The all-tiles bonus is added when the play uses a full rack. Board geometry, premium
layout, tile values/counts, blank count, rack size and the bonus are all part of the
`rules.Ruleset` (`English`, `RussianScrabble`, `Erudit`). `Evaluate` returns the main
word, the cross-words and a per-tile breakdown. `ValidatePlay` adds dictionary and
connectivity checks.
---
## 6. Rulesets
- **English** Scrabble: 15×15, standard premiums, 26 letters, 100 tiles (98 + 2 blanks),
7-tile rack, 50-point bonus.
- **Russian Scrabble**: 33-letter alphabet (incl. Ё), standard board, 104 tiles, 50-bonus.
- **Эрудит**: 33-letter alphabet with **Ё unused** (no tile — fold Ё→Е when preparing the
dictionary, `wordlist.FoldYo`; an out-of-engine step), the **centre does not double**,
131 tiles (128 + 3 blanks), blanks score 0, **15-point bonus**.
---
## 7. Special cases checklist
- **First move**: no anchors; the play must cover the centre.

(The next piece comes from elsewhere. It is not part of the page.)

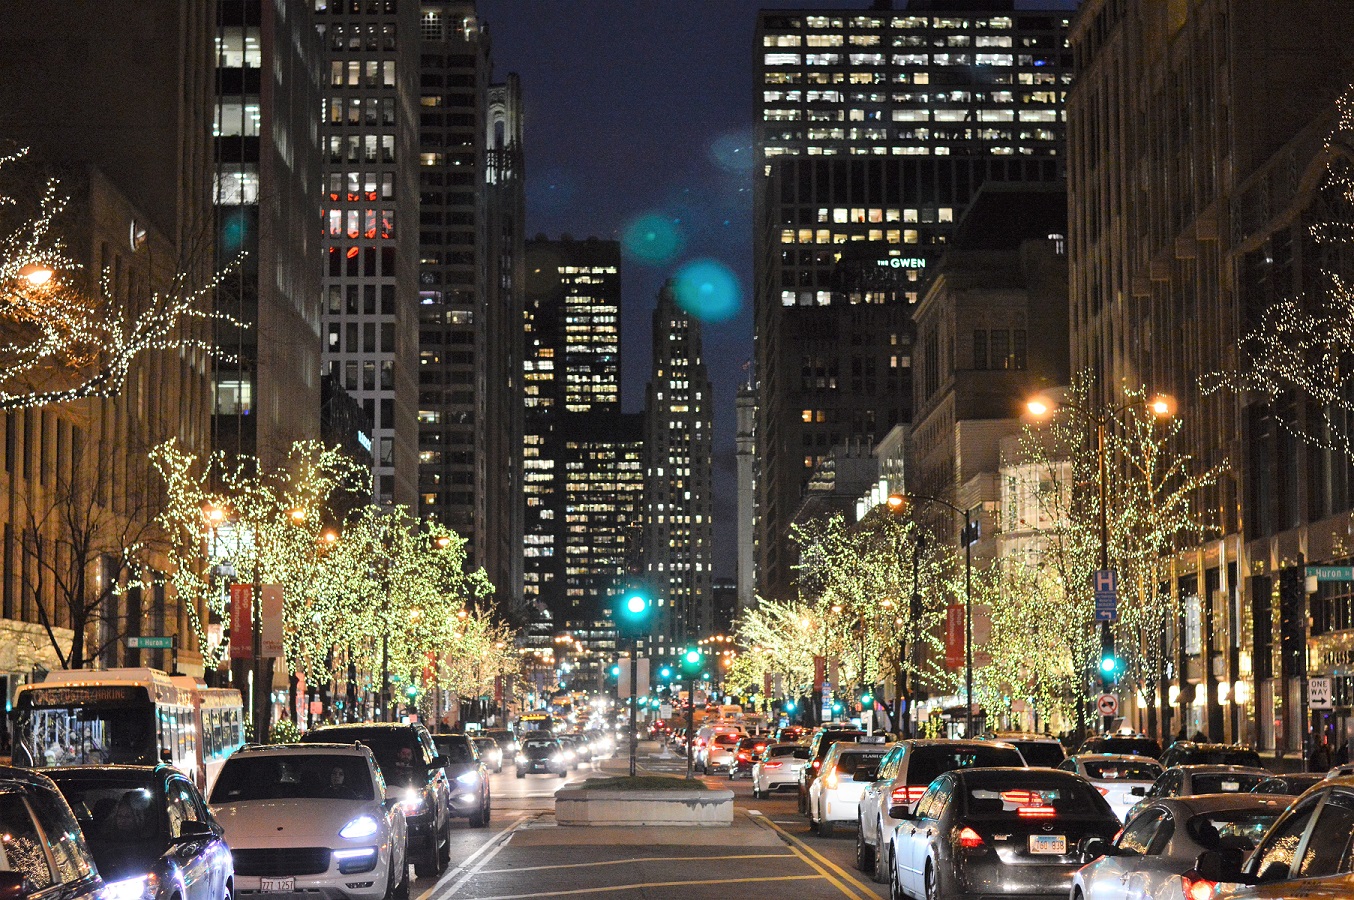 Nighttime on the Magnificent Mile in Chicago, Illinois

- **Blanks**: any letter, score 0, flagged via bit 7; expand to every cross-set-allowed
letter during generation.
- **Off-board sentinels**: stop extension at the edge.
- **A single newly-placed tile** can form both an across and a down word.
- **Dedup**: each legal move is generated once (anchor + left-part limit); a canonical
move key guards against any residual duplicate.